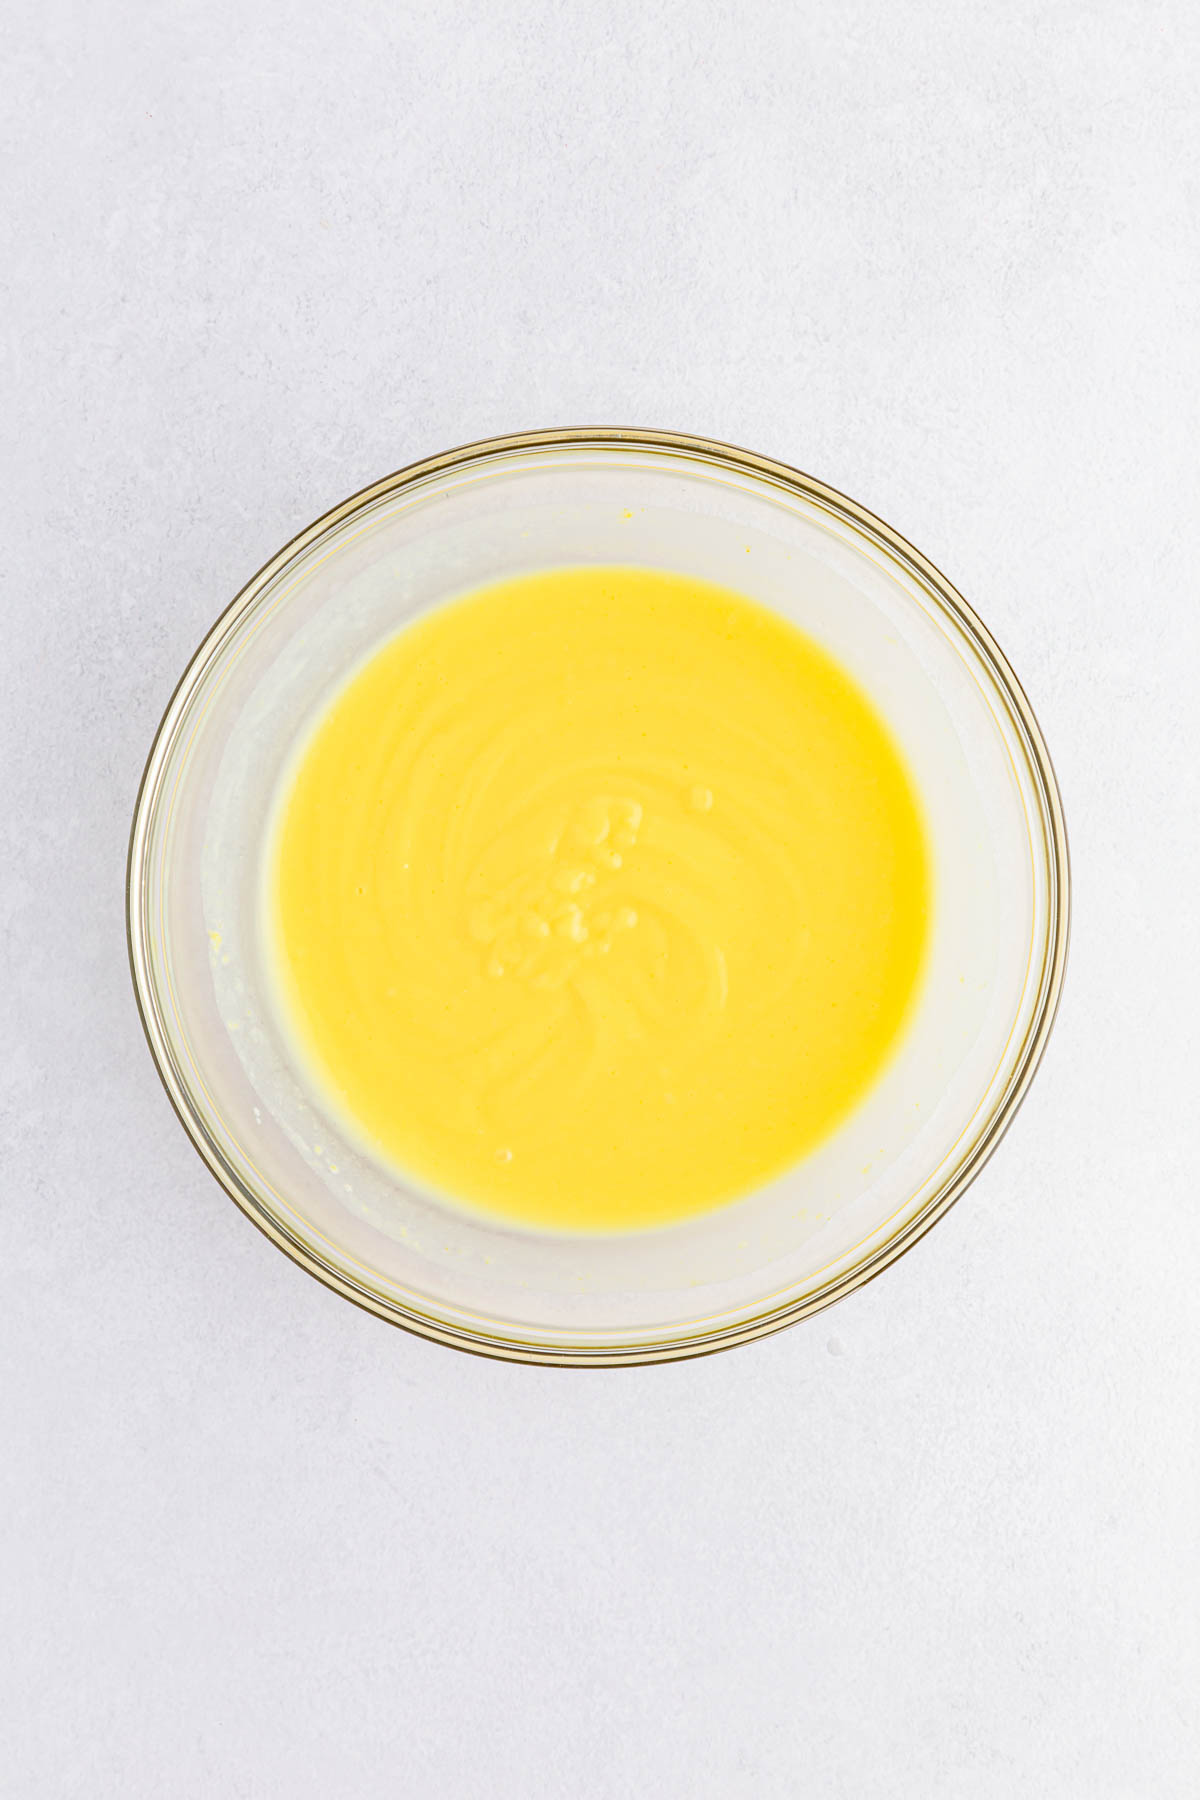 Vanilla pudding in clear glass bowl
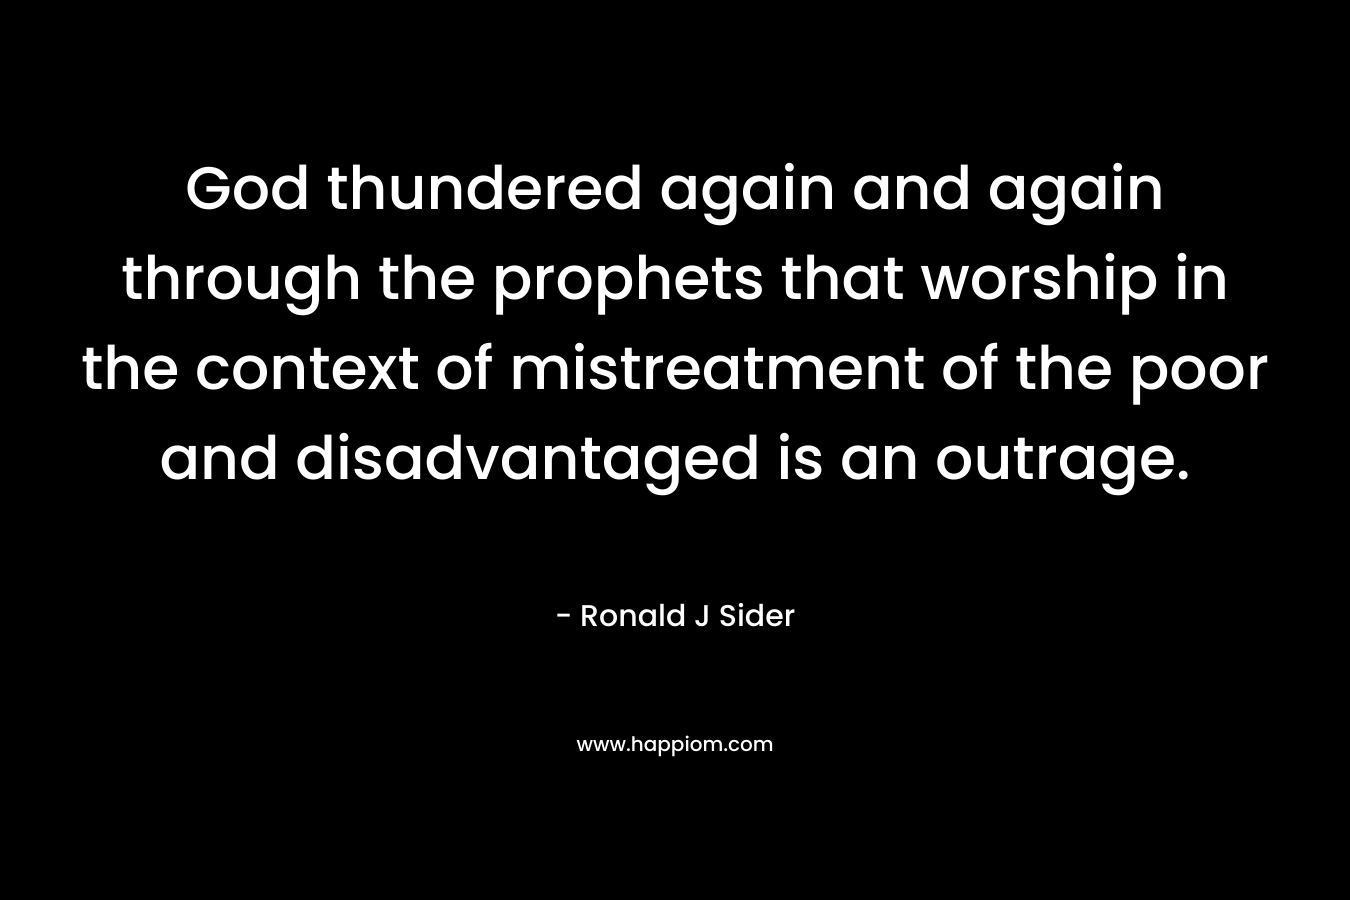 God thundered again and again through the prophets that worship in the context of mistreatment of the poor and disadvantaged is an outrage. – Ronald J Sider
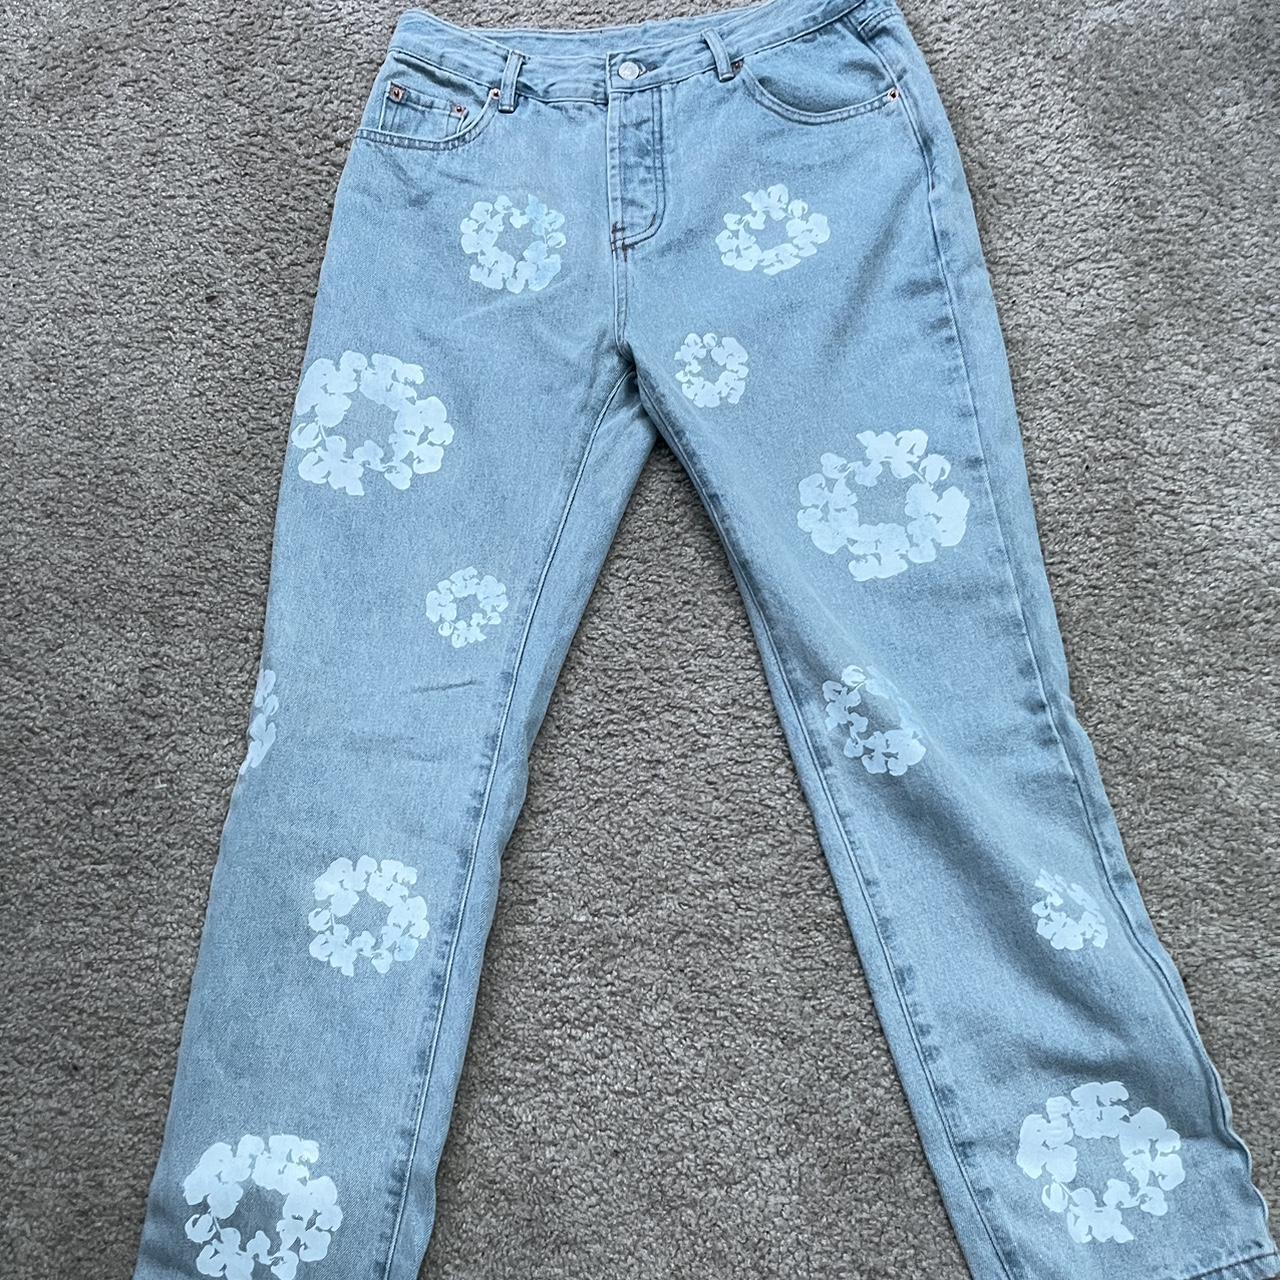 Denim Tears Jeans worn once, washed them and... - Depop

=======

Write the listing out exactly, word for word, but omit the pictures.

 Vanilla pudding in clear glass bowl
 God thundered again and again through the prophets that worship in the context of mistreatment of the poor and disadvantaged is an outrage. – Ronald J Sider
 Denim Tears Jeans worn once, washed them and... - Depop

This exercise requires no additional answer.